Writes platform-specific, conversion-focused ad copy for B2B SaaS.  
Covers Google RSAs, Meta Feed/Story ads, and Instagram placements from a single input.

---

## Step 1: Clarify Platform Scope

If the user has not specified which platform(s) they want, ask:

> "Which platform(s) should I write copy for — Google Search, Meta/Instagram, or all three?"
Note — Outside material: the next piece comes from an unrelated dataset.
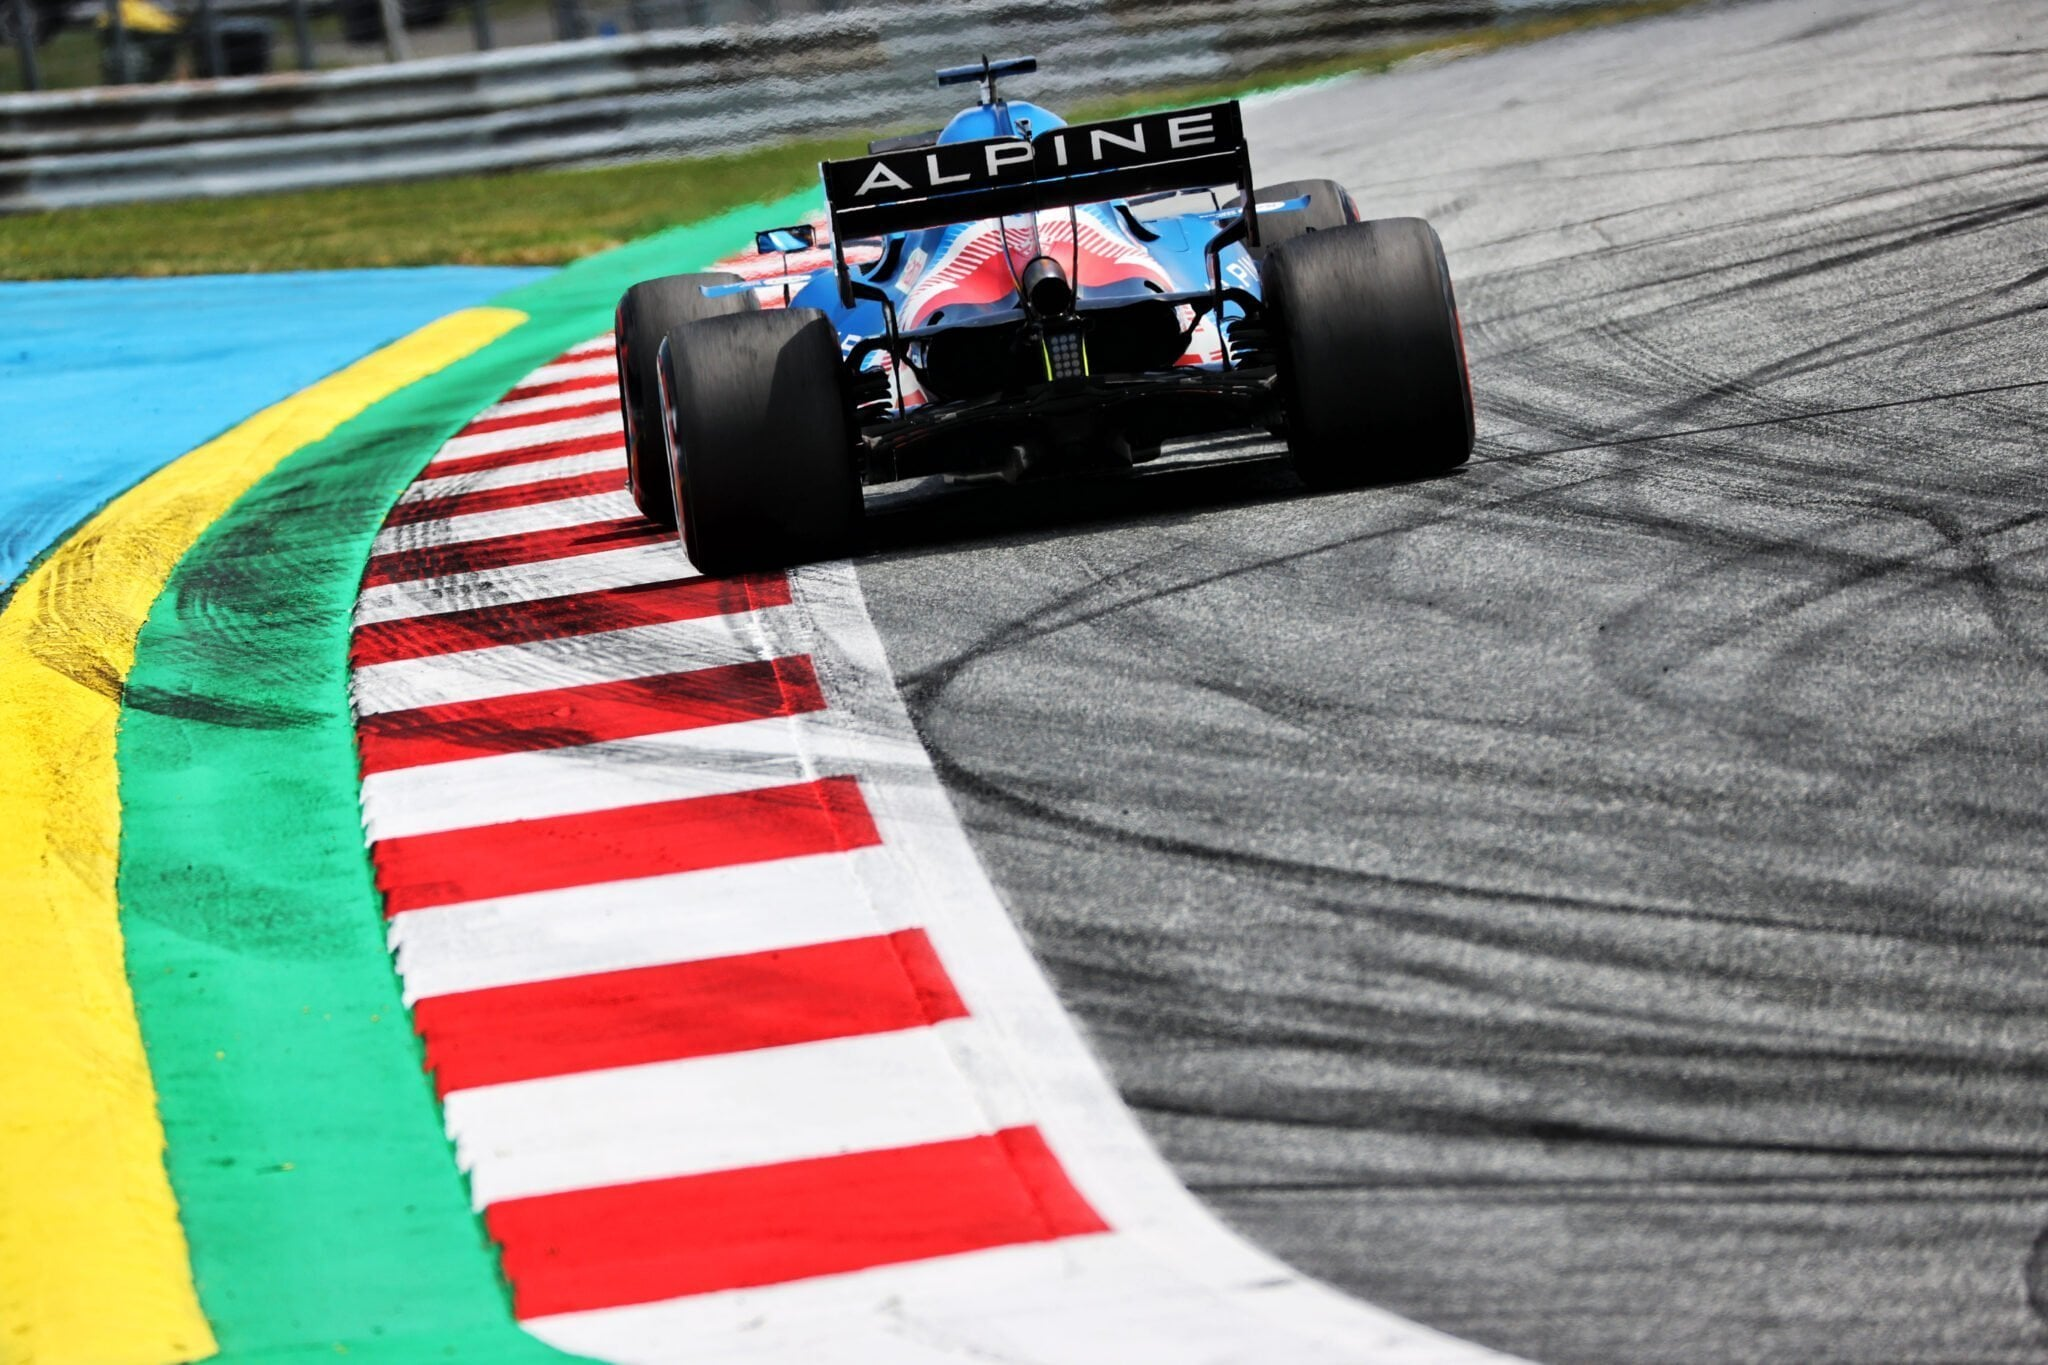 Alpine F1 Team Alonso Ocon Autriche Steiermark Grand Prix Spielberg A521 2021 22 | Alpine F1 : Alonso rapporte deux points au Grand Prix BWT de Styrie

If they say "all" or it's implied by context, produce all three outputs in one pass.  
If they specify only one platform, skip the others entirely.

---

## Step 2: Assess Available Inputs

Before writing any copy, identify what inputs are present. Multiple inputs can be combined — a CI report plus a keyword list, for example. Use everything available.

---

### Input A — Conversation Intelligence Report _(highest signal for copy angles)_

A CI report is the output of the `conversation-intelligence` skill. It contains structured findings from real sales calls or email threads. When present, it is the most direct source of copy intelligence available — it tells you exactly what language real buyers use, what stops them, and what moves them.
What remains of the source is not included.